Wat ik niet wil zijn, is zo’n irritante verleider die je de weg verspert en pas tevreden is als je doet wat hij zegt. Natuurlijk, bepaalde dingen kunnen écht niet, maar vaak komen we er samen wel uit door na te gaan wat je wilt bereiken en hoe we dat binnen de kaders van het beleid kunnen realiseren. Misschien had je een bepaalde werkwijze op het oog die vanuit beveiligingsoptiek niet wenselijk is, maar dan kunnen we kijken wat er wél kan.
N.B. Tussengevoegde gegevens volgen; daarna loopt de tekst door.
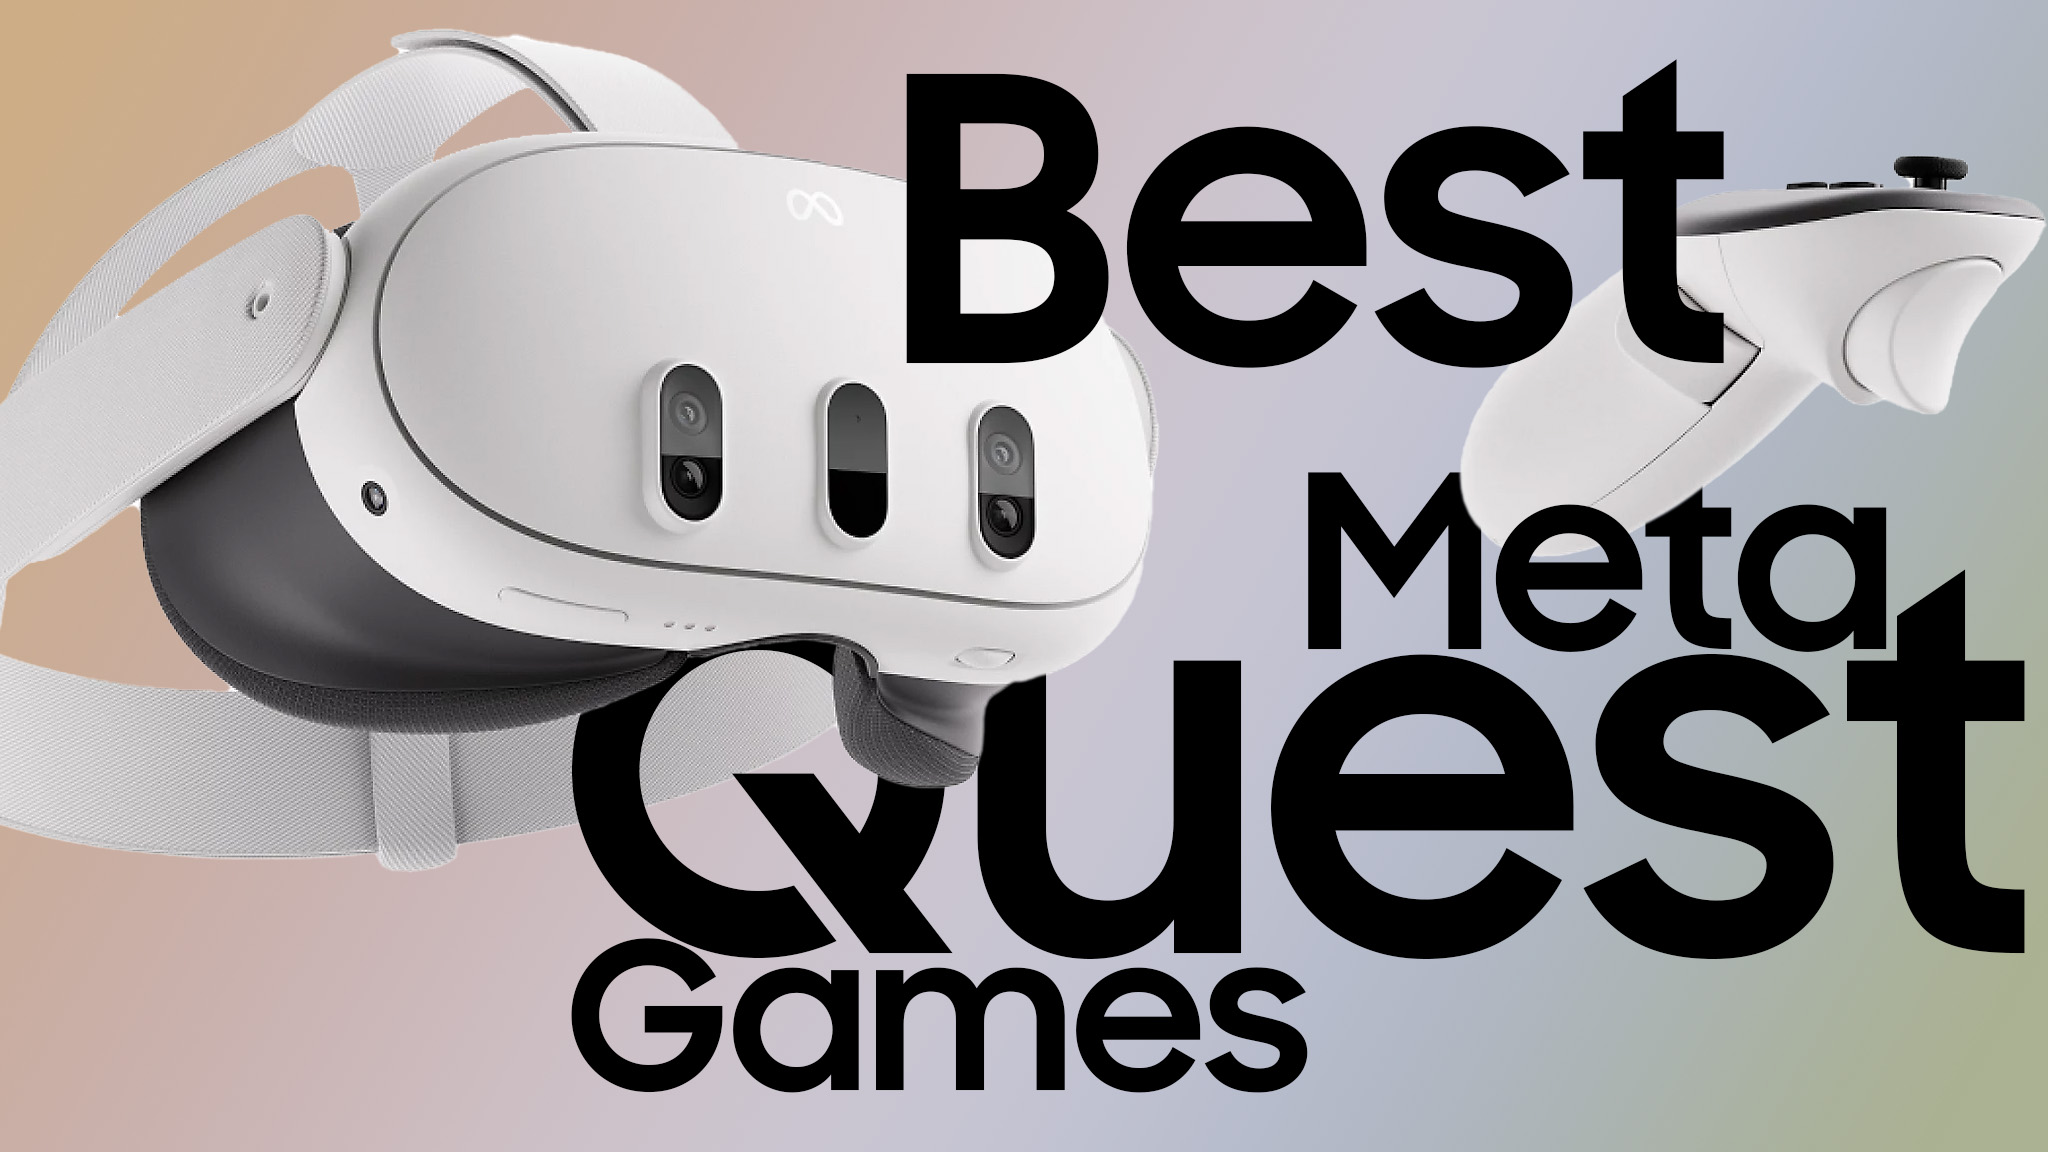 TOP 15 QUEST 3 MULTIPLAYER GAMES YOU SHOULD BE PLAYING! 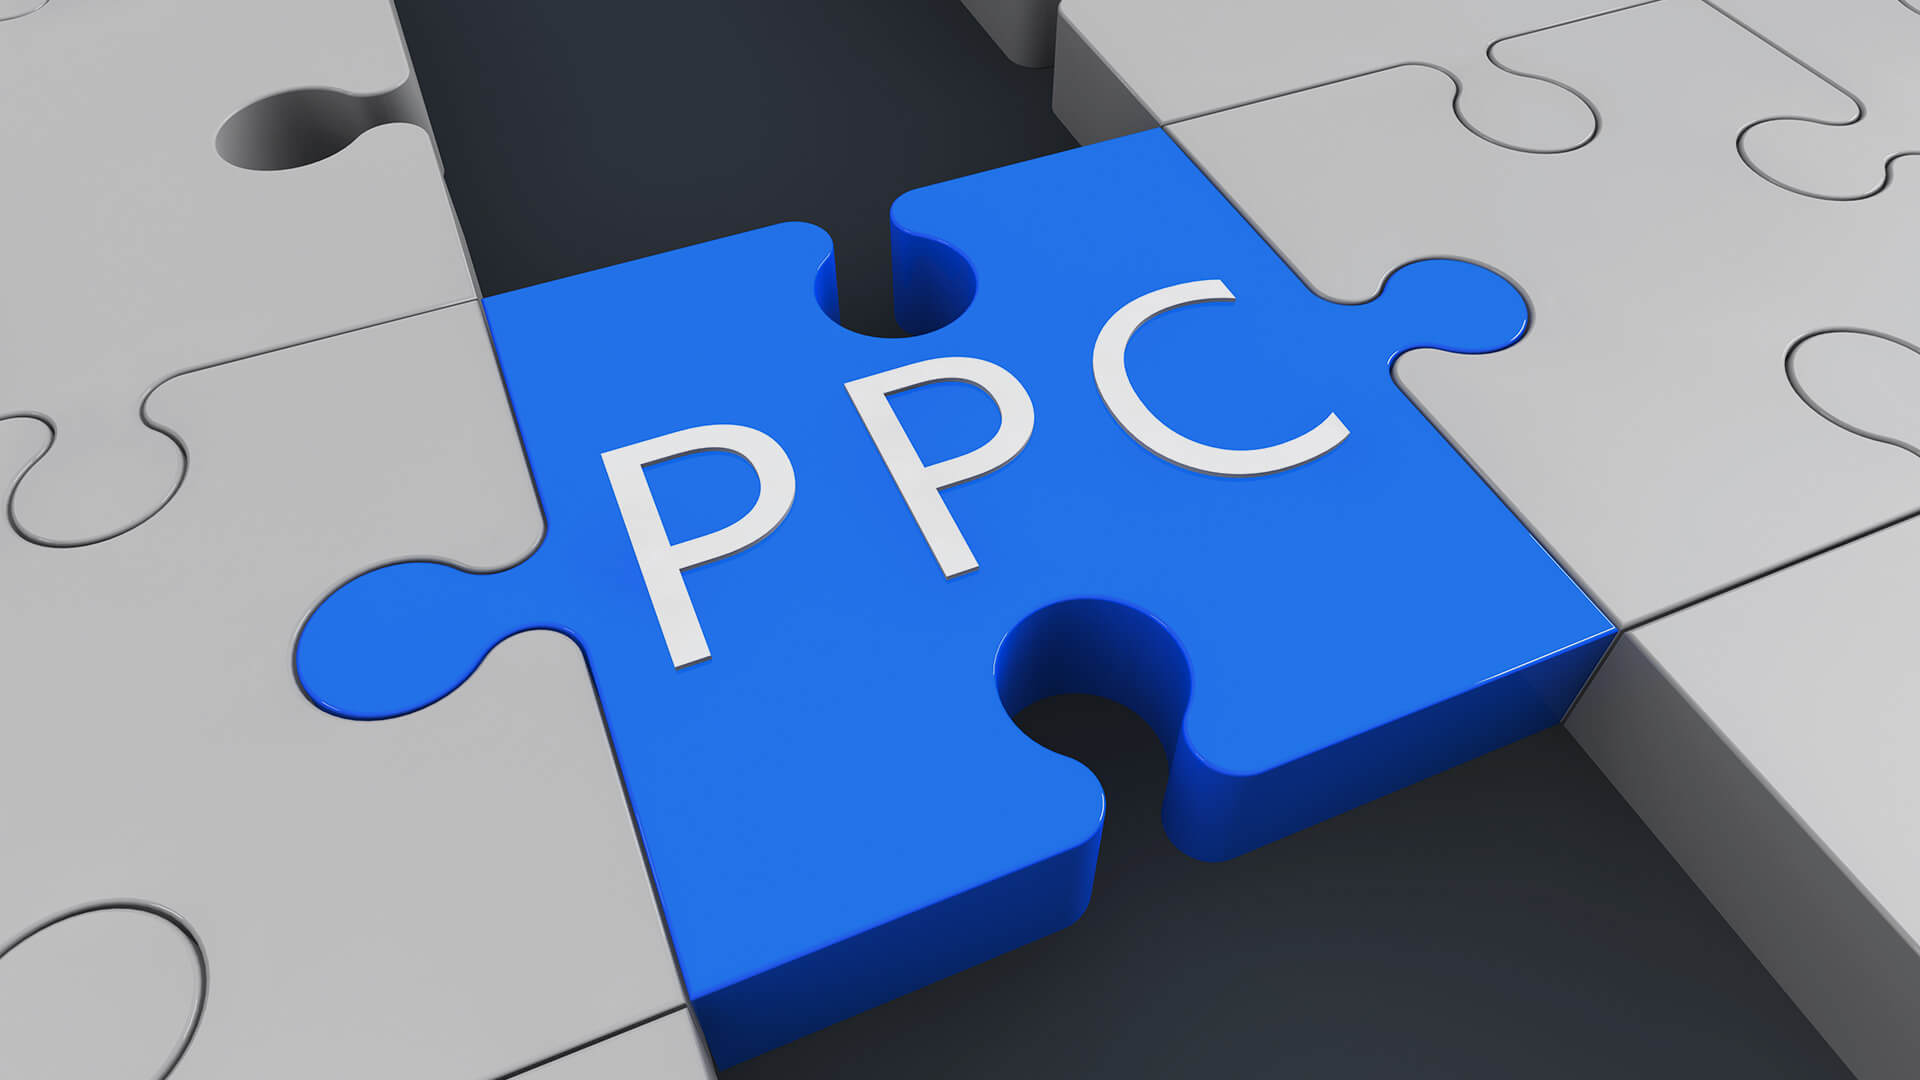 SEO Or PPC: Pros And Cons

Voorbeeld: als je zakelijk gebruik wilt maken van WhatsApp of Telegram zeg ik nee, maar ik noem ook meteen gezonde alternatieven (bijvoorbeeld Signal).

Geef mij maar die rustige en charmante types, die ook wel begrijpen dat je slechts voor hun deur staat omdat je nou eenmaal moet eten, of in mijn vak: die snappen dat beveiliging niet jouw hobby is, maar dat je komt shoppen omdat je donders goed begrijpt dat informatiebeveiliging een topprioriteit voor iedere gegevensverwerkende organisatie is. Ik wil je verleiden door je inzicht te geven. Want als je zelf inziet waarom iets een risico is, dan is dat voor ons beiden veel prettiger en gemakkelijker werken.

Er was ook een restaurant dat geen verleider had. In plaats daarvan stond er een bord op de stoep met in het Engels de volgende tekst: “Wij pushen u niet hierheen – wij worden aanbevolen door Lonely Planet, de Rough Guide en nog veertig andere reisgidsen.” Kijk, dat bevalt me wel. Dat je niet meer zelf de boer op hoeft, maar dat de klanten vanzelf naar je toe komen omdat je kwaliteiten geroemd worden. Maar omdat veel mensen nog onvoldoende beseffen dat ze honger hebben, blijf ik voorlopig nog wel even bloggen.